Nerve Contact During Under-Eye PDGF Injection
Direct Answer
If the injector touches a nerve during under-eye PDGF injection, the patient will typically experience immediate sharp pain, and there is risk of temporary or permanent sensory disturbance, nerve palsy, or motor dysfunction depending on which nerve is contacted.

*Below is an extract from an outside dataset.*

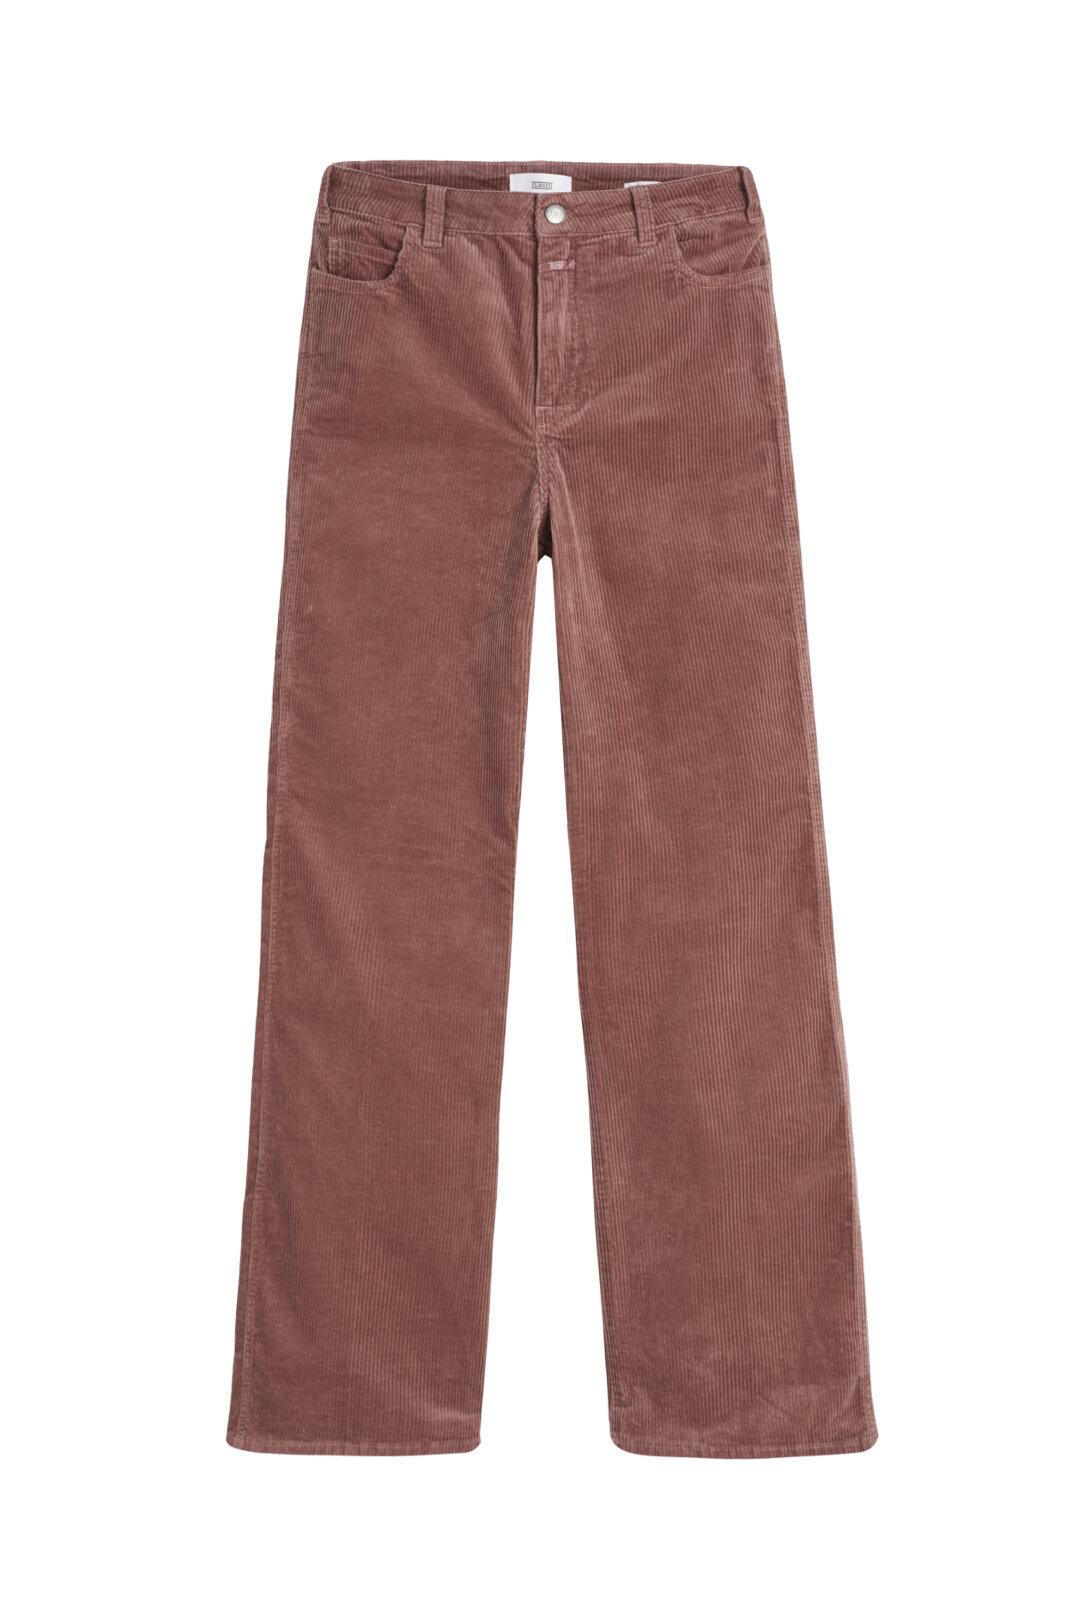 Pantalon velours côtelé Kathy

Understanding the Periorbital Nerve Anatomy
The under-eye region contains several critical nerves that can be contacted during injection:
- Infraorbital nerve (branch of maxillary division of trigeminal nerve) exits through the infraorbital foramen approximately 1 cm below the orbital rim and provides sensation to the lower eyelid, upper cheek, and lateral nose
- Branches of the facial nerve control the orbicularis oculi muscle and other periorbital muscles
- Direct needle trauma to these structures can cause immediate pain, paresthesias, or motor weakness
Immediate Consequences of Nerve Contact
Sharp, shooting pain is the most common immediate symptom when a needle contacts a nerve, which should prompt immediate cessation of injection and needle withdrawal.
Sensory Nerve Injury
- Temporary paresthesias (numbness, tingling, burning) in the distribution of the affected nerve
- Dysesthesias (abnormal, unpleasant sensations) that may persist for days to months
- Permanent sensory loss is rare but possible with direct nerve transection or severe trauma
Motor Nerve Injury
- Temporary weakness of periorbital muscles if facial nerve branches are injured
- Ptosis or eyelid malposition if nerves controlling eyelid function are affected
- Case reports document cranial nerve palsies following periocular injections, including sixth nerve palsy after intravitreal injection 1
Risk Mitigation Strategies
Proper injection technique is critical to avoid nerve injury:
- Use topical anesthetic before injection to reduce patient discomfort and movement 2
- Inject slowly and superficially in the tear trough region, staying in the subdermal or supraperiosteal plane
- Stop immediately if the patient reports sharp, shooting pain suggesting nerve contact
- Avoid injecting near the infraorbital foramen (typically 1 cm below the mid-pupillary line at the orbital rim)
- Use small gauge needles (30-gauge or smaller) to minimize trauma 2
Management of Nerve Injury
If nerve contact occurs during injection:
- Immediately withdraw the needle without injecting further material
- Document the event including patient symptoms and examination findings
- Assess sensory and motor function in the affected distribution
- Observe for resolution - most minor nerve injuries resolve spontaneously within weeks to months
- Consider neurology referral if symptoms persist beyond 4-6 weeks or worsen
- Avoid re-injection in the same location until complete resolution
Common Pitfalls
- Injecting too deeply increases risk of contacting deeper nerve structures
- Ignoring patient pain reports during injection - sharp pain is a warning sign
- Injecting too close to bony foramina where nerves exit (infraorbital foramen)
- Failing to document nerve injury complications for medicolegal purposes
Important Caveats
While the provided evidence focuses on intravitreal injection techniques 2, the principles of nerve injury apply to any periocular injection procedure. The under-eye region for tear trough augmentation has different anatomical considerations than intravitreal injection, but nerve injury mechanisms remain similar. Serious complications including cranial nerve palsies have been documented with periocular injections 1, emphasizing the need for meticulous technique and immediate recognition of complications.